Tain & District Field Club
- Location: Tain, Ross-shire, Scotland;
- Region served: Highland, Scotland
- Website: tainfieldclub.org.uk

= Tain & District Field Club =

In 1980, a Biology teacher at Tain Royal Academy expanded his adult evening class in natural history into a formal group which was to meet and receive lectures about natural history in general and biological topics related to the Tain area. Thus was started an unbroken series of lecture seasons and field excursions organised by the Tain & District Field Club.

TDFC members met in Tain Royal Academy until recently when the refurbished hall at the Tain Parish Church became the regular venue for lectures.

The intent throughout has been to deliver erudite lectures from specialists in their field and make field excursions to sites with Natural History interest; the publicly stated aim is "To encourage interest in natural history in this area by surveying and recording animals and plants and helping projects organised by conservation organisations".

Tain & District Field Club is fortunate in its location, surrounded by rich farmland, both mixed and monoculture, firths, woodlands, rivers and lochs such as Loch Eye, an important area for wintering greylag geese and whooper swans. Other important local sites where TDFC takes an active interest have been nesting ospreys, capercaillie (Scottish Gaelic: an coileach-fraoich) strongholds, Scottish crossbill habitat, and extensive mudflats important for feeding wading birds.

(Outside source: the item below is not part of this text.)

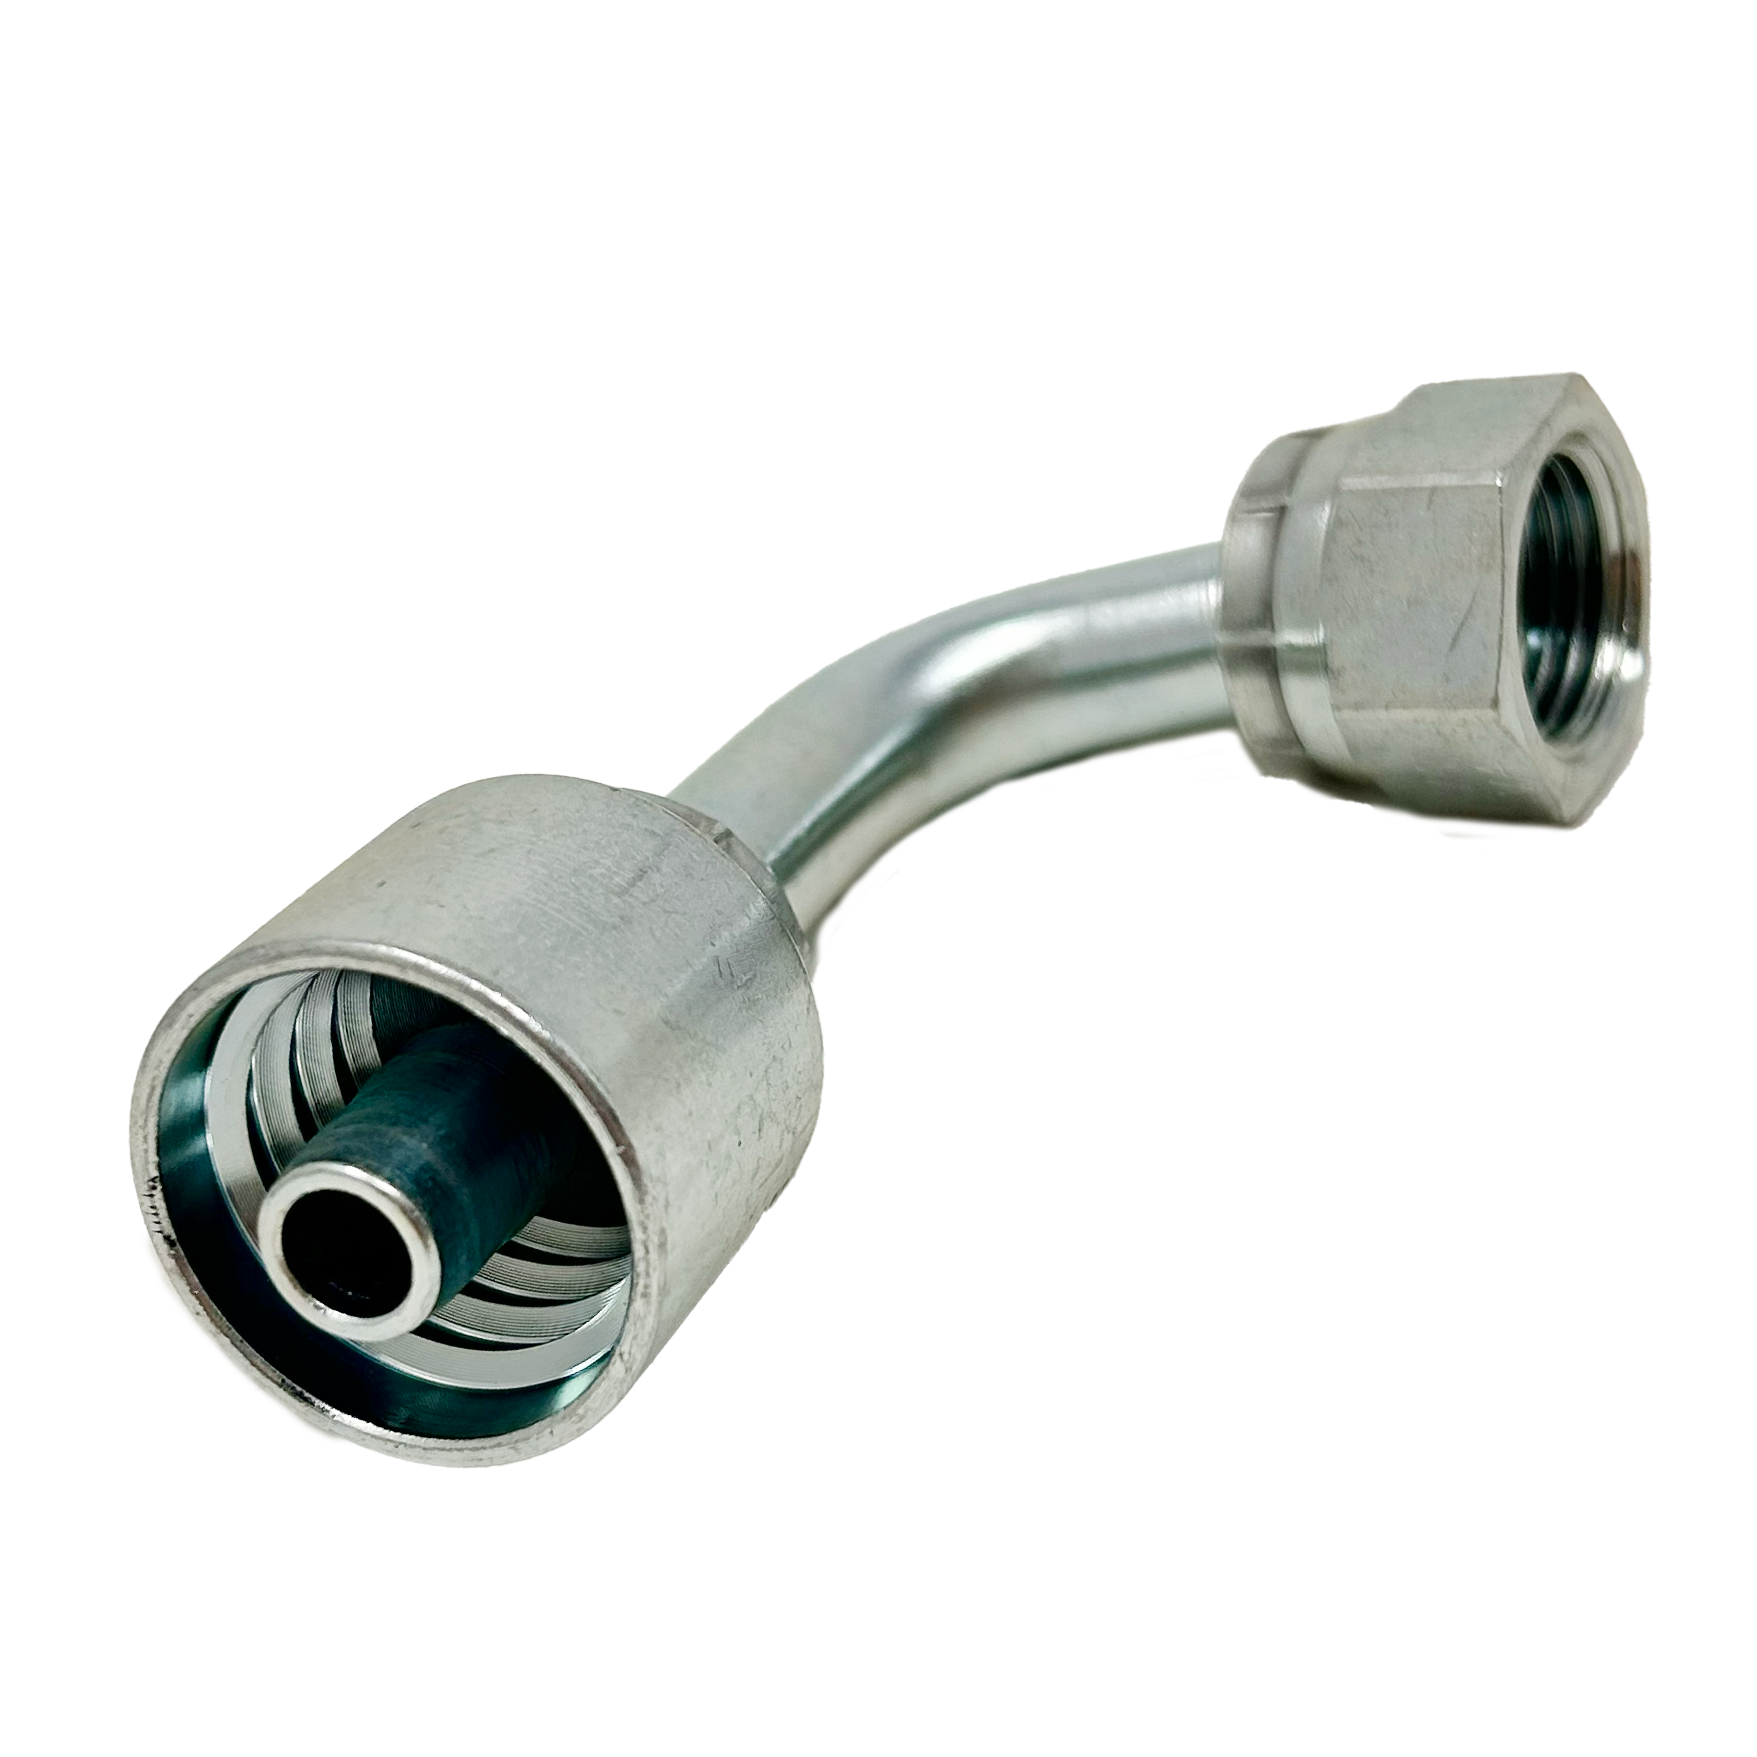 B2-OFFX90-0606: Continental Hose Fitting, 0.375 (3/8") Hose ID x 11/16-16 Female ORFS, 90-Degree Swivel Connection

== TDFC Survey and Recording Activities ==

With their specific interests and skills TDFC members have managed or contributed to activities such as bird-ringing, cetacean-watch, osprey-watch, amphibian & reptile census, biological surveying, habitat recording, and site monitoring, largely participating in survey work co-ordinated by the Highland Biological Recording Group.

Tain & District Field Club members :
- contribute to butterfly and moth surveys and site monitoring for Butterfly Conservation Scotland;
- participate in estuary bird counts in the local Firths, bird atlas surveys and bird ringing projects for the British Trust for Ornithology;
- participate in goose counts on nearby major flyways and winter feeding grounds for the Wetlands & Wildfowl Trust;
- contribute locally to the work of the Royal Society for the Protection of Birds;
- provide wardening and publicity work on harrier and osprey watches in conjunction with the Forestry Commission;
- instigated one of the first surveys of the spread of speckled wood butterfly prior to other organisations' involvement.
- carried out bird counts for the Forestry Commission in Strathrory.